= Beginning of Section =

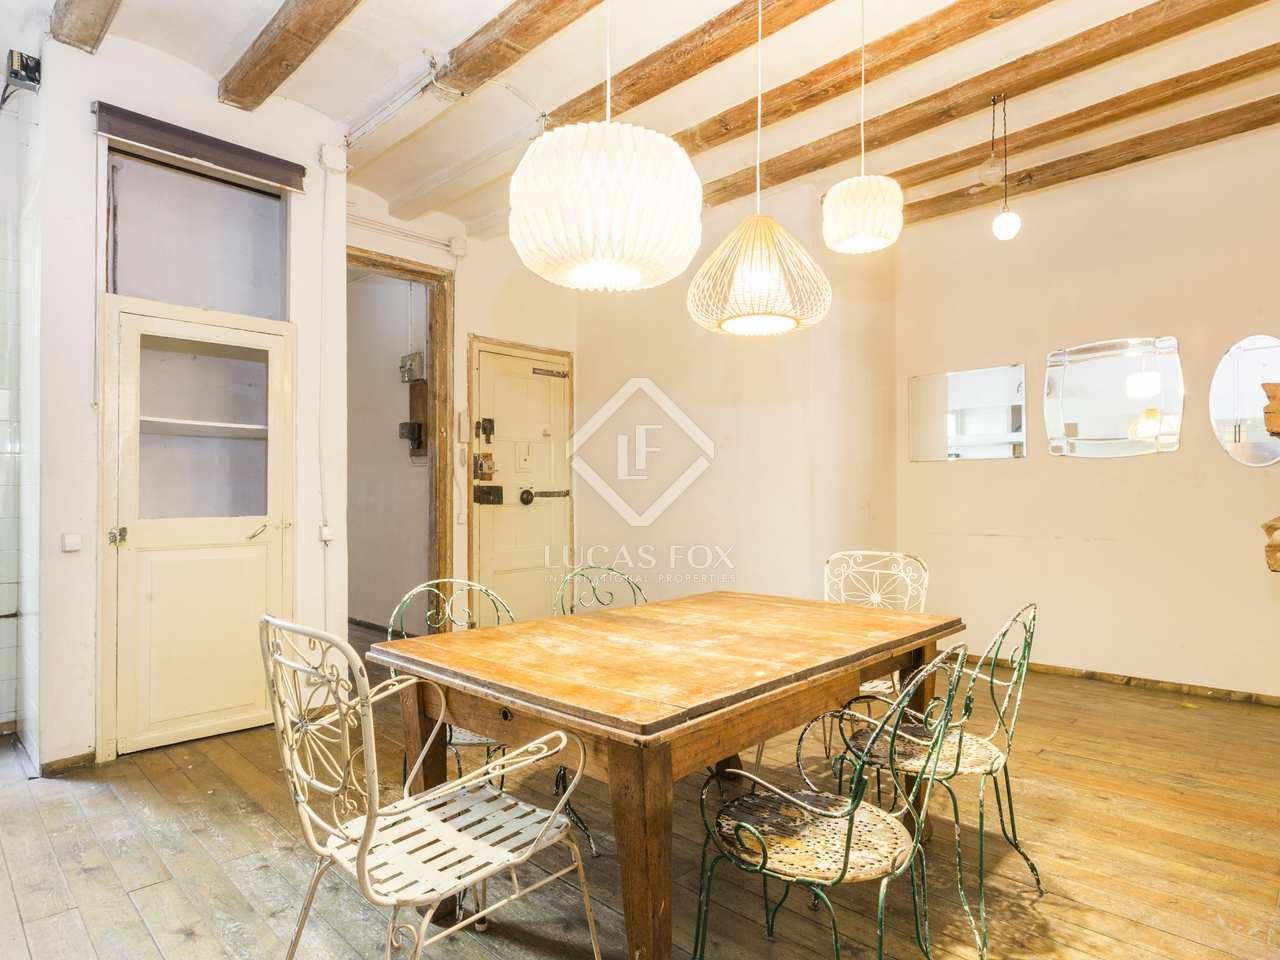 Appartement de 110m a vendre g tico barcelone for Appartement avec piscine barcelone
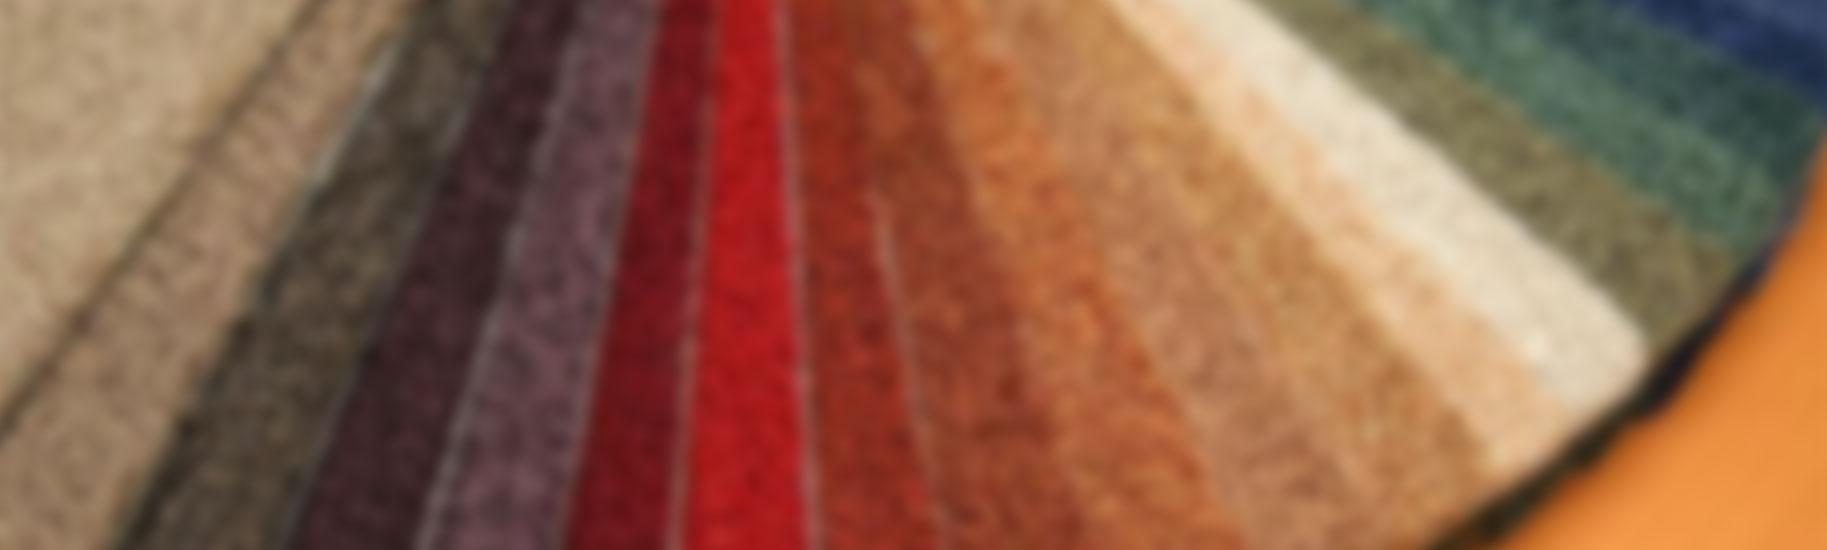 Americolor Dye America S Largest Carpet Dye Company
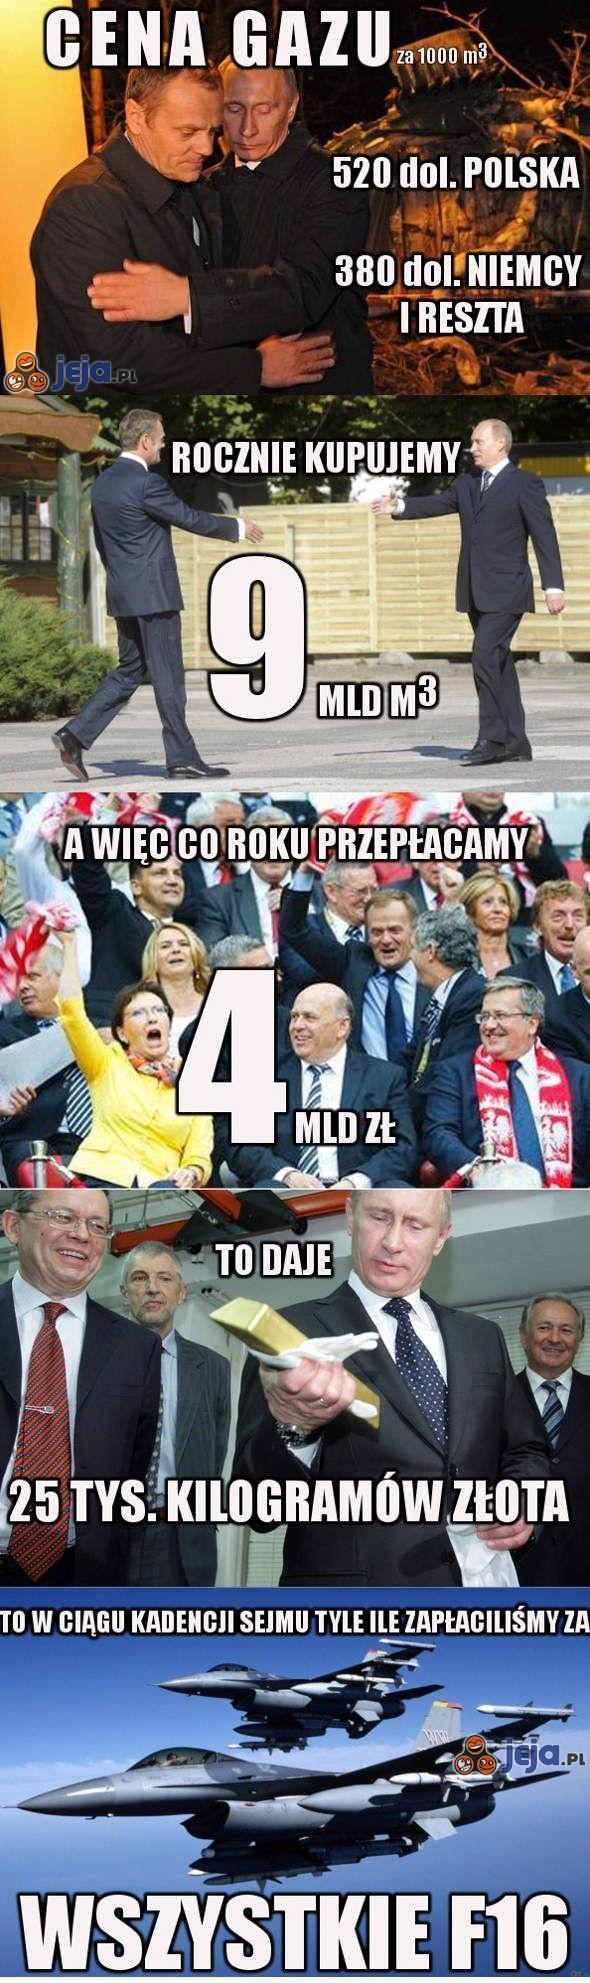 """Przyjaźń"" polsko-rosyjska?"
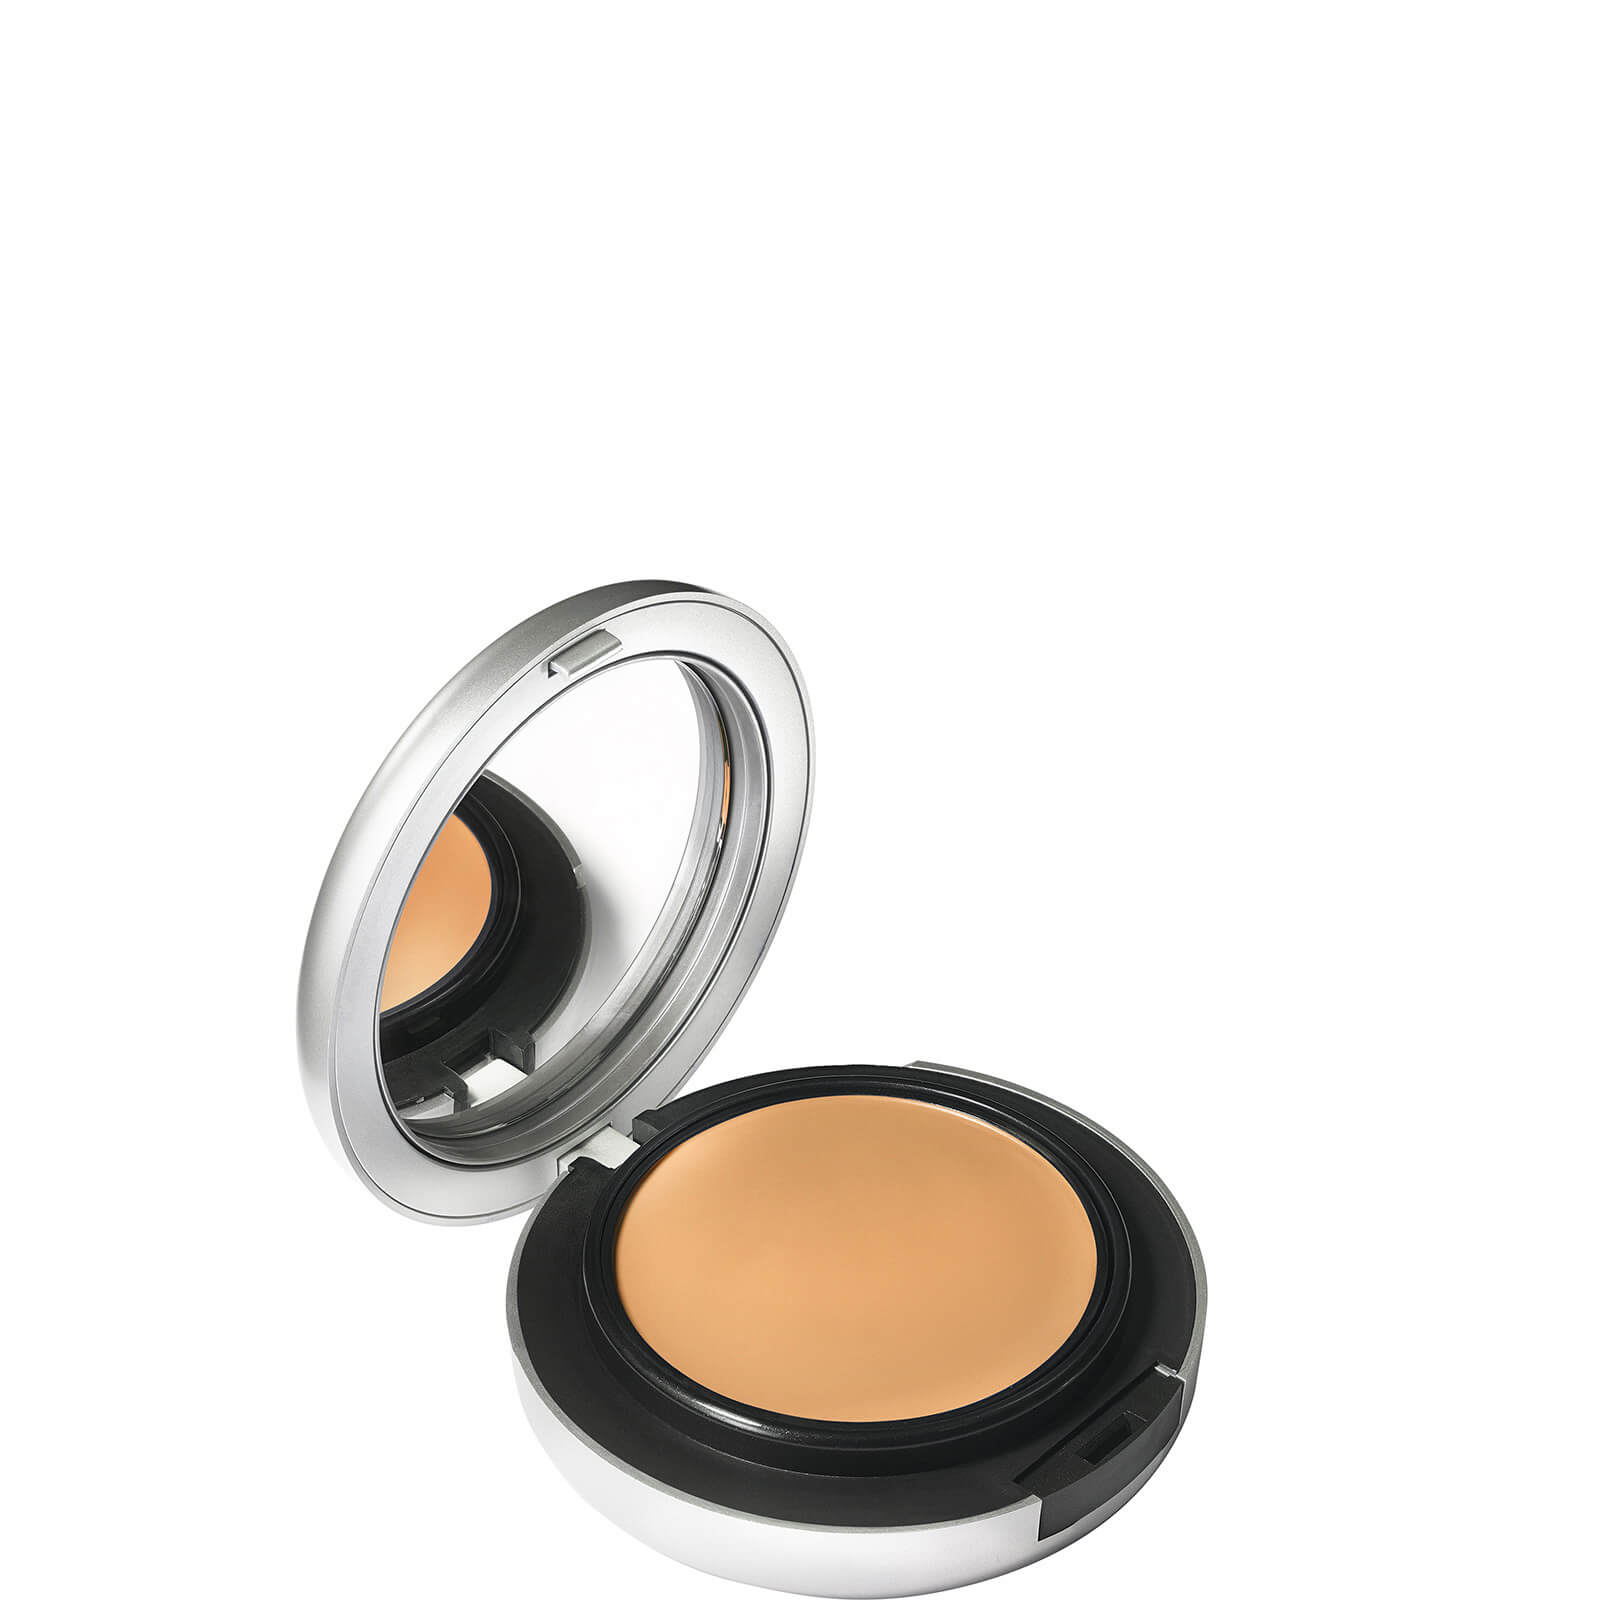 MAC Studio Fix Tech Cream-to-Powder Foundation 10g (Various Shades) - NC20
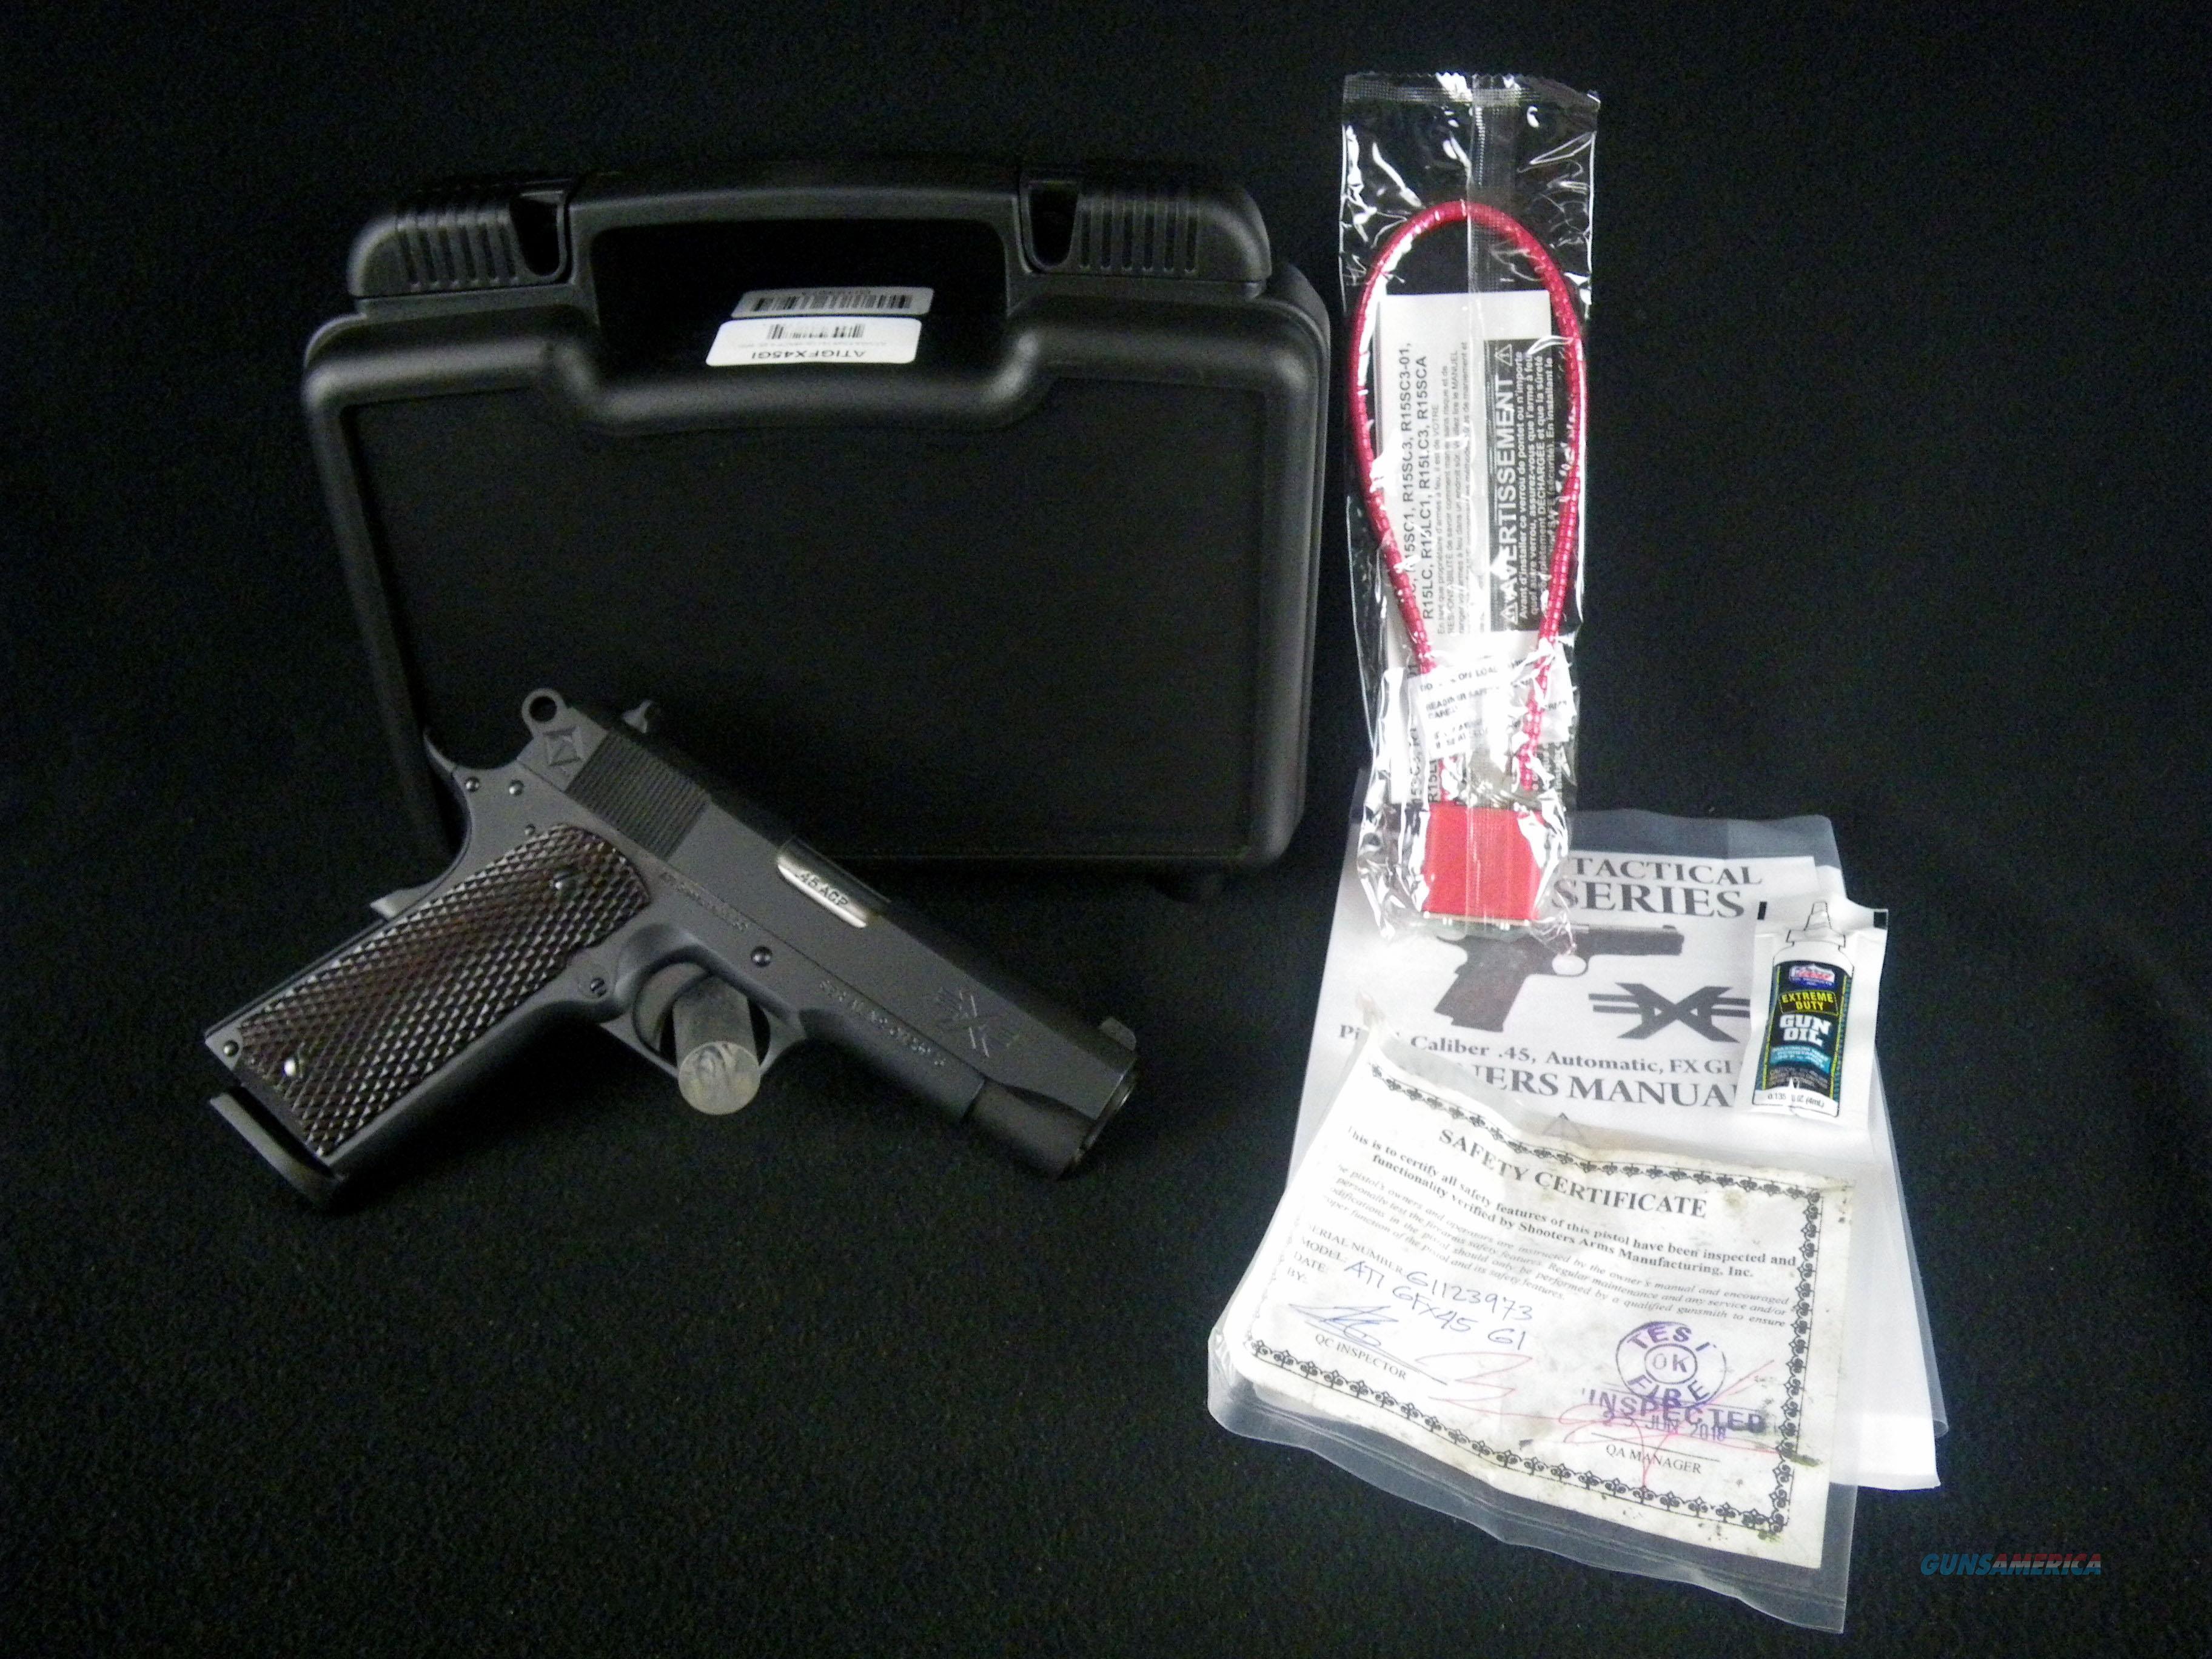 "ATI GI 1911 Firepower Xtreme 45ACP 4.25"" Wood NEW ATIGFX45GI  Guns > Pistols > American Tactical Imports Pistols"

= End of Section =

### Task to complete
Repeat the listing above up to and including the line with "MAC Studio Fix", starting from its first line. Drop any pictures.

### Result for this exercise
 Appartement de 110m a vendre g tico barcelone for Appartement avec piscine barcelone
 Americolor Dye America S Largest Carpet Dye Company
 """Przyjaźń"" polsko-rosyjska?"
 MAC Studio Fix Tech Cream-to-Powder Foundation 10g (Various Shades) - NC20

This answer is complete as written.